Noah Davis' poignant figurative paintings can be roughly categorised into two sets: depictions of ordinary African American lives and surreal scenarios that skilfully incorporate modes of abstraction with a touch of melancholy. He is also known as a curator.
Read MoreNoah Davis' representations of everyday life in Los Angeles are characterised by a sense of tenderness, narrative possibility, and the power of memory. In the oil and acrylic on canvas Single Mother with Father out of the Picture (2007–2008), a bespectacled mother sits on a sofa with her toddler daughter standing before her. A framed photograph on the table hints at a male figure, but the artist has cropped it to perhaps suggest his voluntary or involuntary absence. In an untitled painting from 2015, two sleeping women have their backs to each other, but their proximity on the spacious sofa conveys intimacy and relaxation.
Noah Davis drew inspiration from a plethora of sources, encompassing found photographs, his domestic surroundings and imagination, art history, literature, and music, among others. He studied at The Cooper Union School of Art in New York without graduating, leaving New York for Los Angeles in 2004. He had been confidently making paintings since he was 17.
The quietude of Noah Davis's paintings, enforced by his frequent use of muted tones and occasional punctuation of colour, evoke the works of Fairfield Porter or Peter Doig, while his focus on portraying ordinary African Americans bring to mind artists such as Kerry James Marshall, Amy Sherald, and Henry Taylor.
Richard Brautigan's post-apocalyptic novel, In Watermelon Sugar (1968), provided the starting-point for Noah Davis' early solo exhibition The Forgotten Works (2010) at Roberts & Tilton, Los Angeles, which featured oil paintings with surreal landscapes and imageries. 1984 (2009), for example, depicts a child sitting on the bed; her face appears to be hidden behind a white skeletal mask. The disturbing scene contrasts vividly in its approach with Davis serene portrait of a young woman in pale purple in The Narrator (2010).
In 2012, with his wife and fellow artist Karon Davis, Noah Davis founded The Underground Museum in Arlington Heights—an ethnically diverse neighbourhood in Los Angeles with a history of working-class African and Latinx American settlement. Although they intended for the the Museum to exhibit notable contemporary artworks in an area otherwise lacking access to higher cultural organisations, they were unable to secure loans from the owning institutions. In response to the situation, Davis replicated some of the most iconic works of the past century—such as Marcel Duchamp's Bottle Rack (1914) and Jeff Koon's 1980s New Hoover Convertibles—for the suggestively titled inaugural exhibition, Imitation of Wealth (2013).

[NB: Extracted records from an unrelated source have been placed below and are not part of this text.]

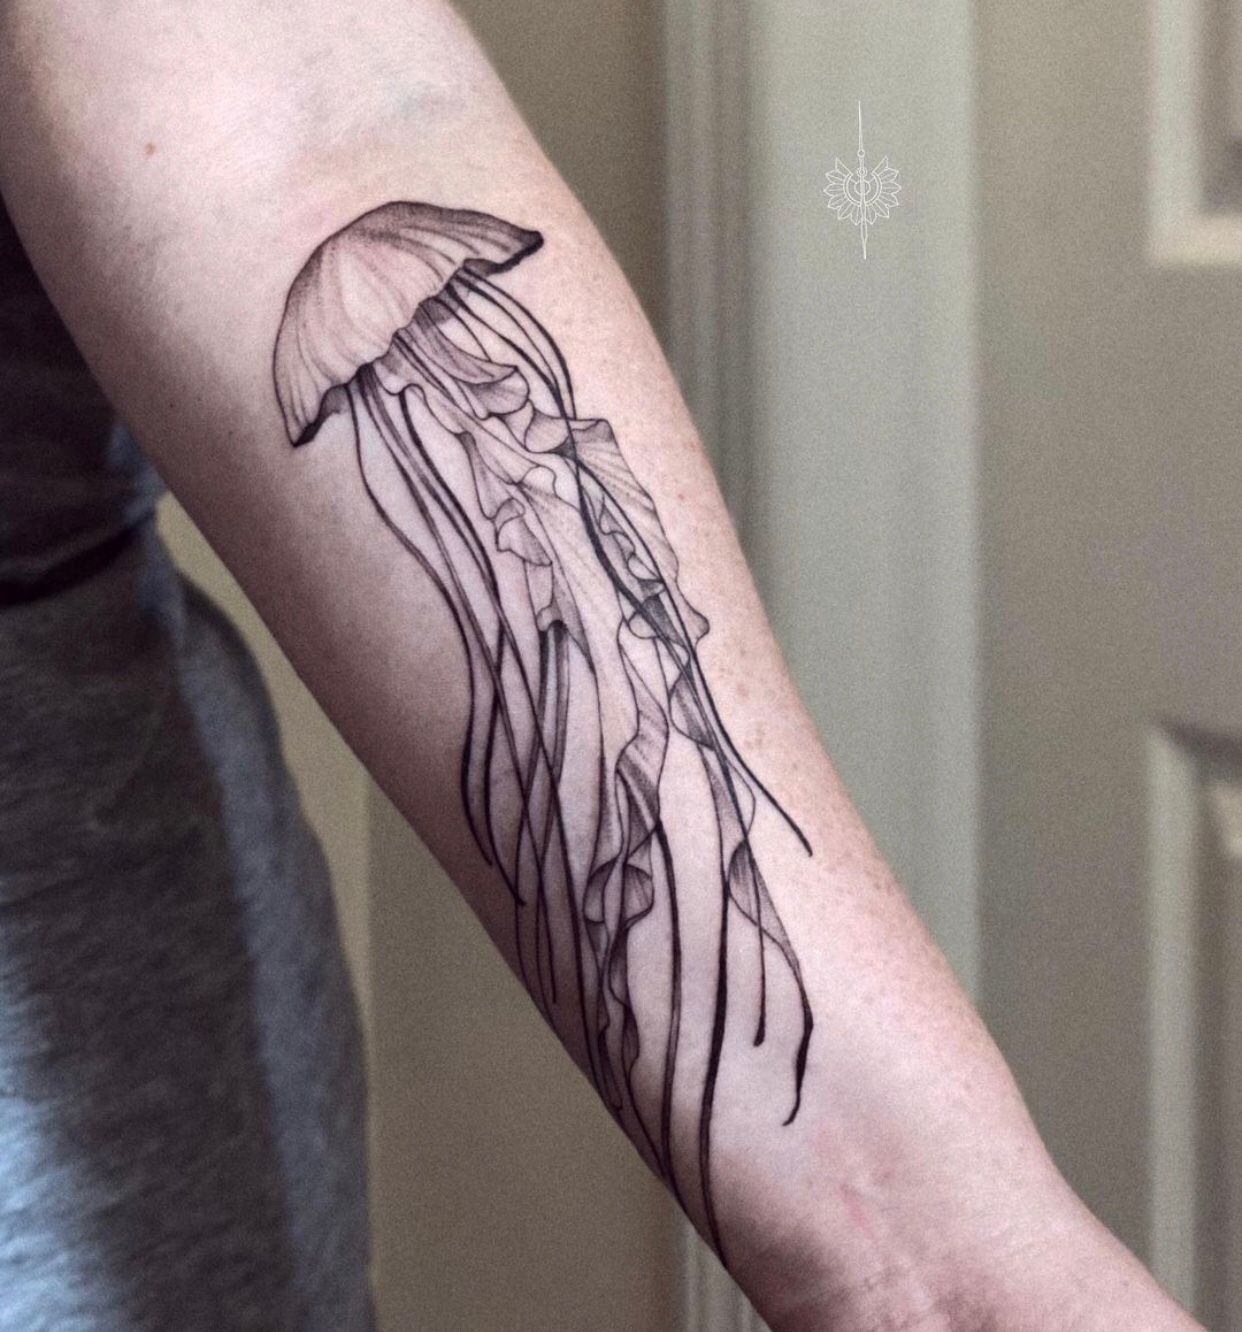 Jellyfish tattoo by Marek Hali | Post 23142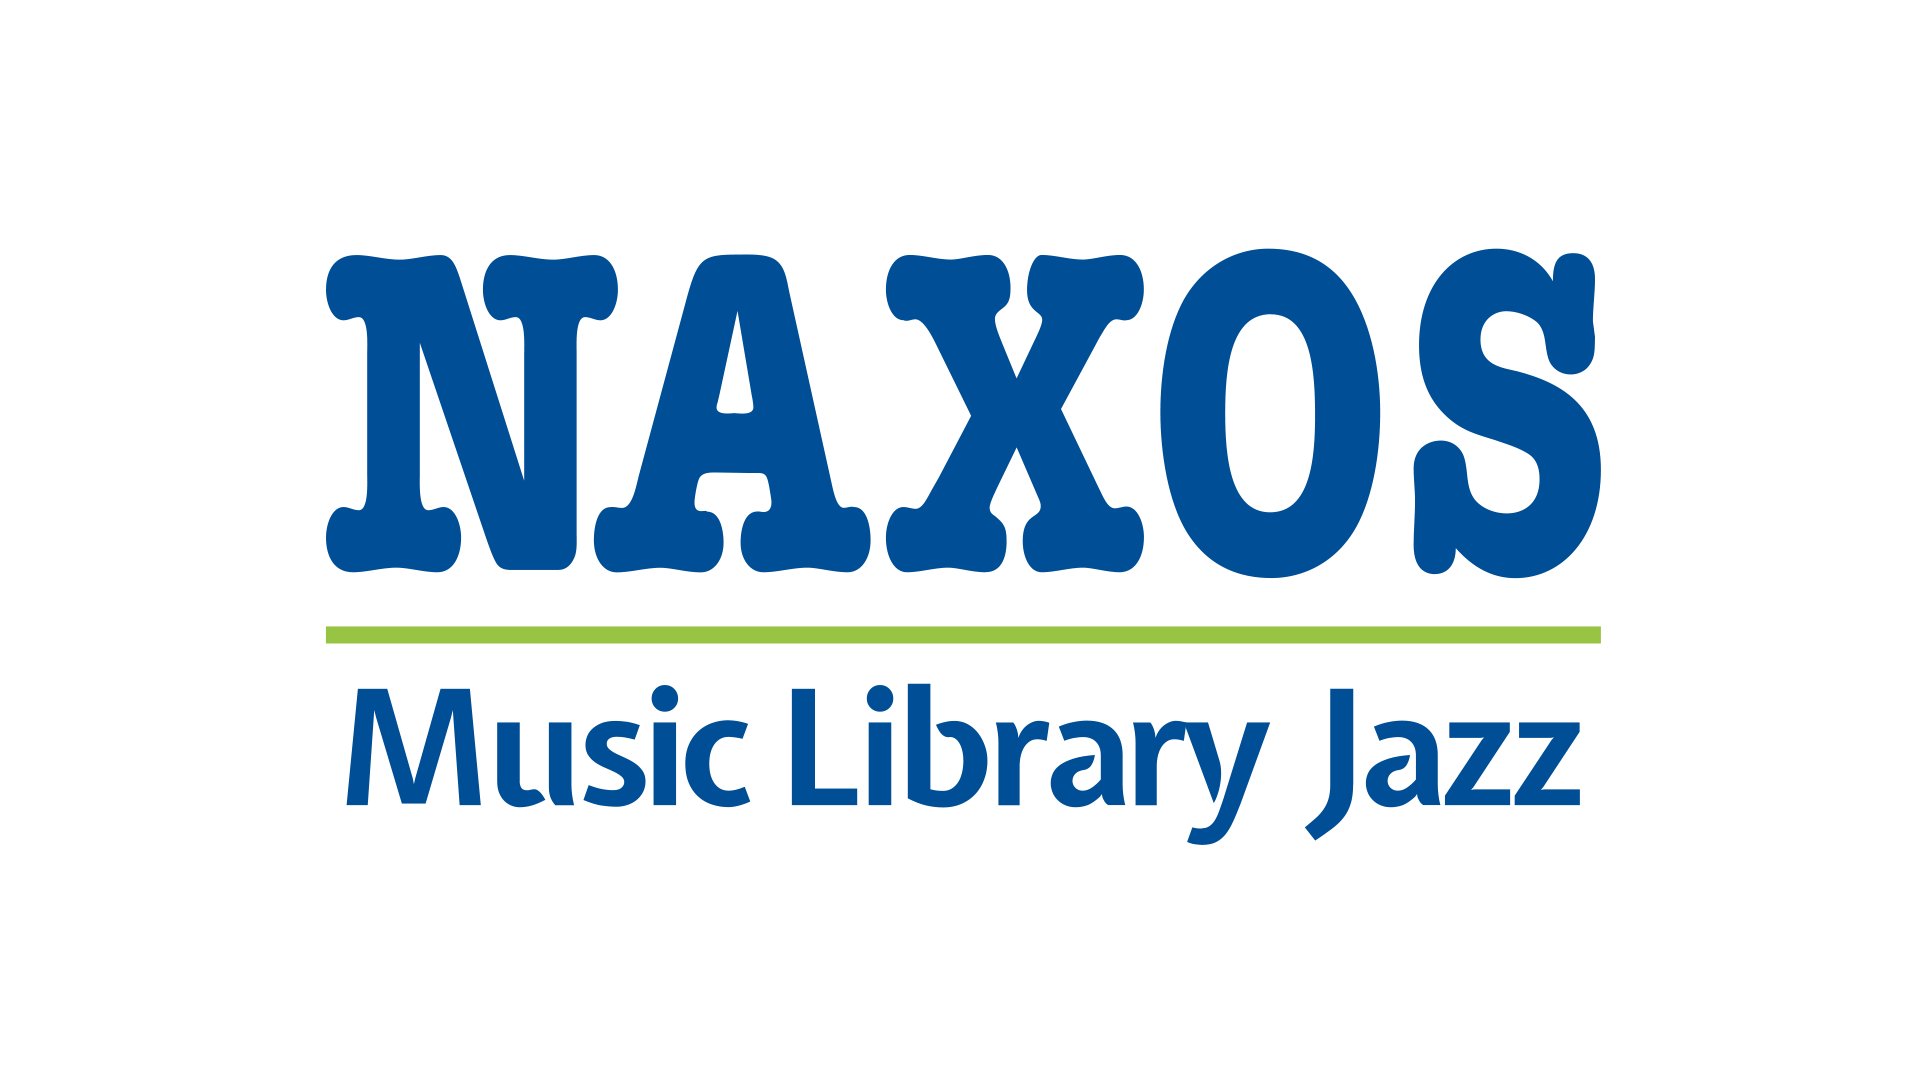 شعار مكتبة موسيقى الجاز في ناكسوس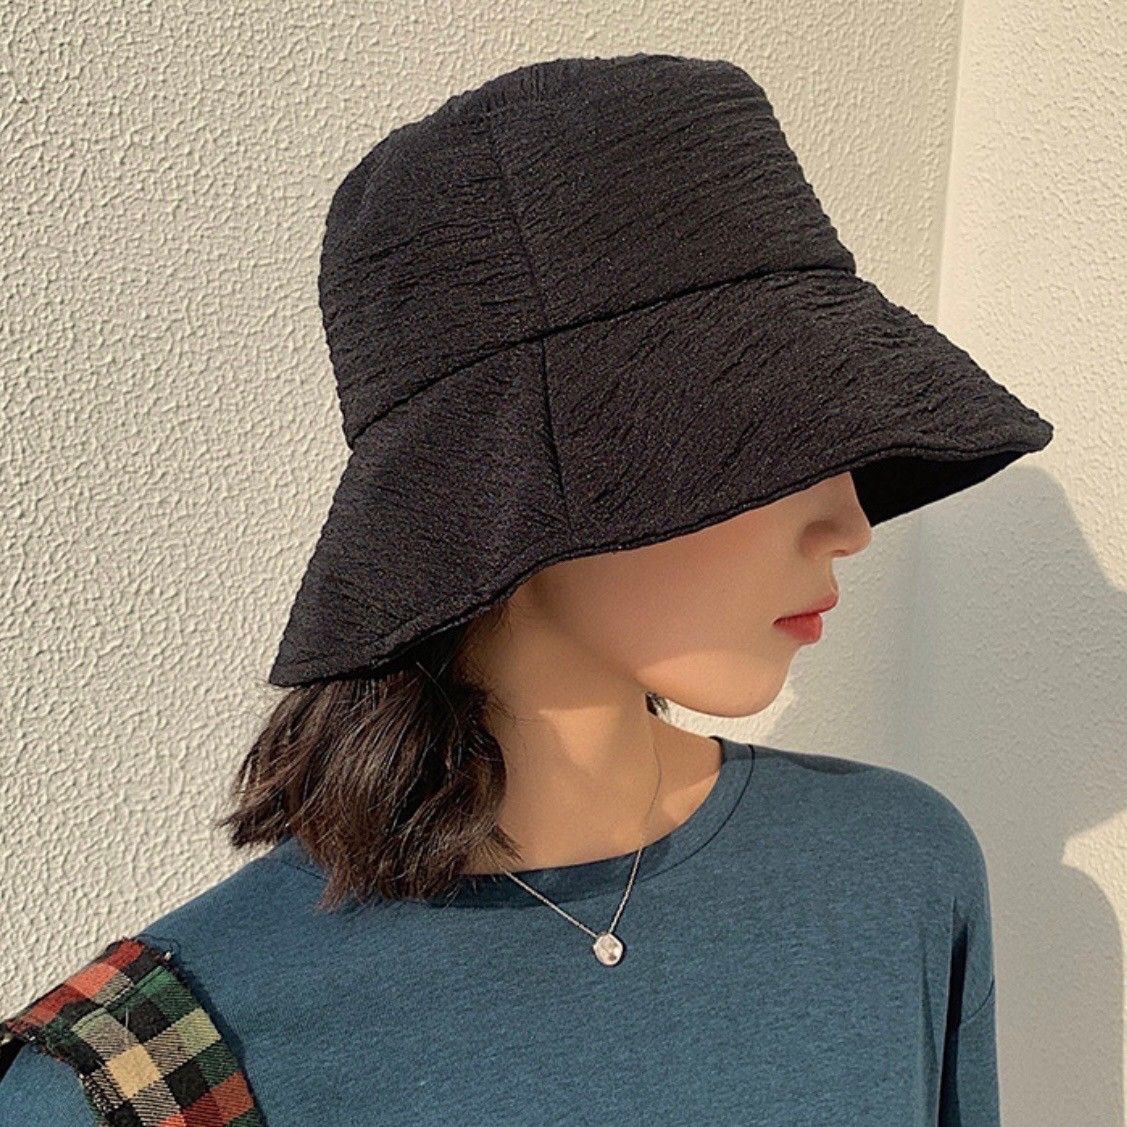 バケットハット サファリハット チューリップハット 紫外線対策 帽子

Imitation of Wealth garnered critical acclaim and The Underground Museum has since collaborated with established art galleries and museums. William Kentridge: Journey to the Moon (2015) and Non-Fiction (2016), the latter of which was a group exhibition revolving around the theme of the black body in history, for example, included works from the collection at The Museum of Contemporary Art, Los Angeles. In January 2020, David Zwirner, New York, organised a solo exhibition of Noah Davis' career; a part of the show is to travel to The Underground Museum in March.
Noah Davis' work is included in 30 Americans: a travelling group exhibition curated from the Rubell family collection. Featuring works by 30 significant contemporary African American artists, it has been shown at many institutions, including the Nelson-Atkins Museum of Art, Kansas City (2019); Tucson Museum of Art (2018); Detroit Institute of Arts (2015); and Contemporary Arts Centre, New Orleans (2014). Another important group show for Davis was Stranger Than Fiction: Narrative in Works by Selected Contemporary Artists, Santa Barbara Museum of Art (2010).